Downgrading by running this command fixed the issue for me.

pip install tensorrt==10.1.0 tensorrt-cu12==10.1.0 tensorrt-cu12-bindings==10.1.0 tensorrt-cu12-libs==10.1.0 --force-reinstall
online2311 commented 4 months ago

通过运行此命令降级为我解决了这个问题。

pip install tensorrt==10.1.0 tensorrt-cu12==10.1.0 tensorrt-cu12-bindings==10.1.0 tensorrt-cu12-libs==10.1.0 --force-reinstall

Solved my problem, thanks.

glenn-jocher commented 4 months ago

Resolved in Ultralytics package by pinning tensorrt<=10.2.0, but does not resolve underlying issue unfortunately. https://github.com/ultralytics/ultralytics/pull/14239

RONNYKHALIL commented 4 months ago

通过运行此命令降级为我解决了这个问题。

pip install tensorrt==10.1.0 tensorrt-cu12==10.1.0 tensorrt-cu12-bindings==10.1.0 tensorrt-cu12-libs==10.1.0 --force-reinstall

Solved my problem, thanks.

same!!! thank uuuu

lix19937 commented 4 months ago

libnvinfer_builder_resource_win.so.10.2.0: libnvinfer_builder_resource_win.so.10.2.0: cannot open shared object file: No such file or directory)

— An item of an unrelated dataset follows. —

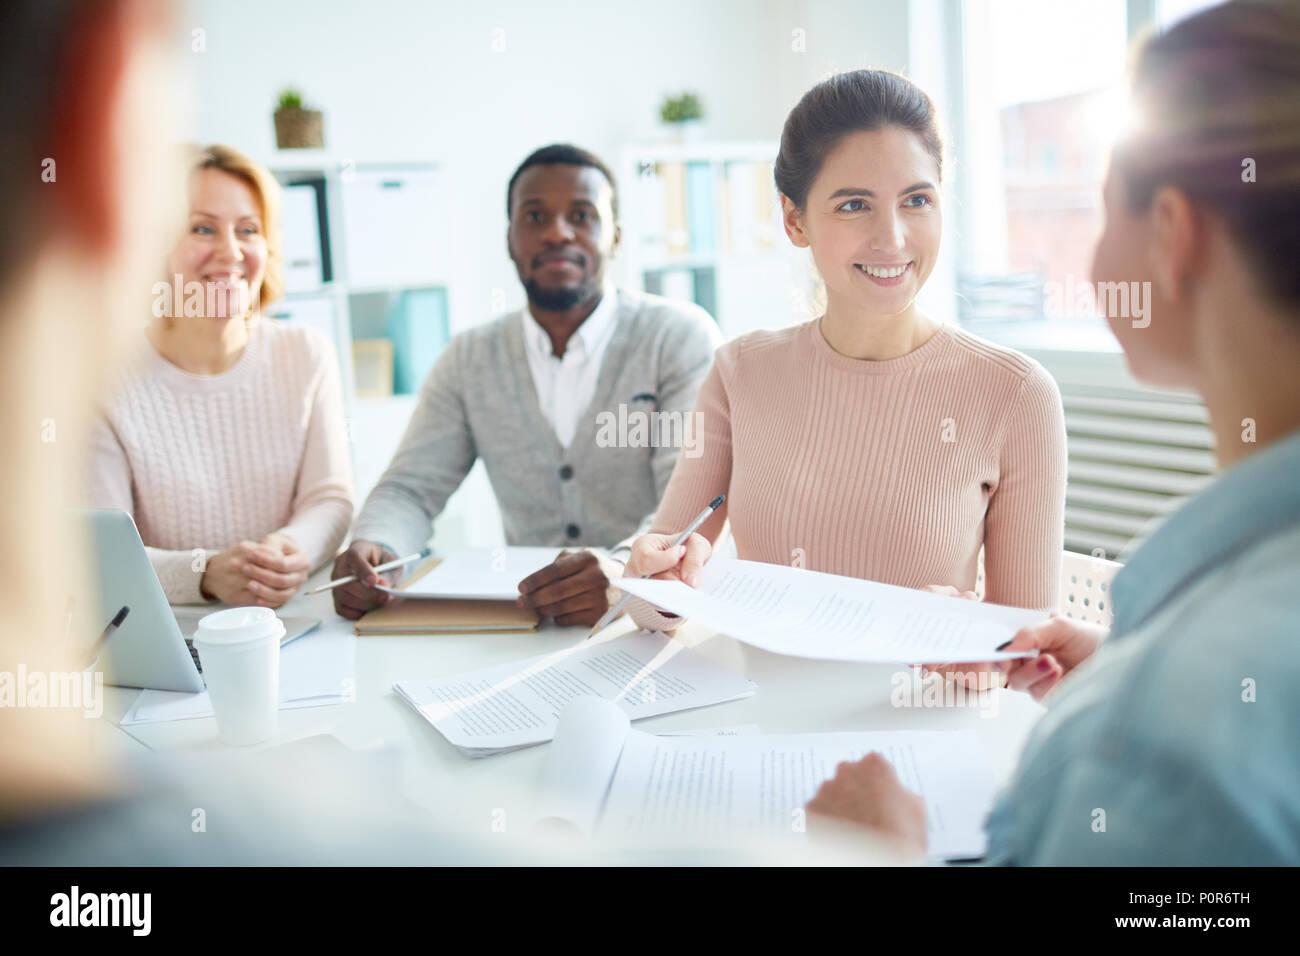 Freudige multi-ethnischen Team der weißen Arbeiter in produktive Projekt Diskussion beim zusammen an modernen Großraumbüro versammelt, lens flare Stockbild

can you find libnvinfer_builder_resource_win.so.10.2.0 ?

The tensorrt Python wheel files only support Python versions 3.8 to 3.12 at this time and will not work with other Python versions. Only the Linux and Windows operating systems and the x86_64 CPU architecture are currently supported. These Python wheel files are expected to work on RHEL 8 or newer, Ubuntu 20.04 or newer, and Windows 10 or newer.

ifeherva commented 4 months ago

libnvinfer_builder_resource_win.so.10.2.0: libnvinfer_builder_resource_win.so.10.2.0: cannot open shared object file: No such file or directory)

can you find libnvinfer_builder_resource_win.so.10.2.0 ?

The tensorrt Python wheel files only support Python versions 3.8 to 3.12 at this time and will not work with other Python versions. Only the Linux and Windows operating systems and the x86_64 CPU architecture are currently supported. These Python wheel files are expected to work on RHEL 8 or newer, Ubuntu 20.04 or newer, and Windows 10 or newer.

No, those _win files dont exist on ubuntu.

zolero commented 4 months ago

For me installing tensorrt_llm==0.12.0.dev2024070200 works!

yorickvP commented 3 months ago

Upgrading to tensorrt==0.2.0.post1 fixes the problem.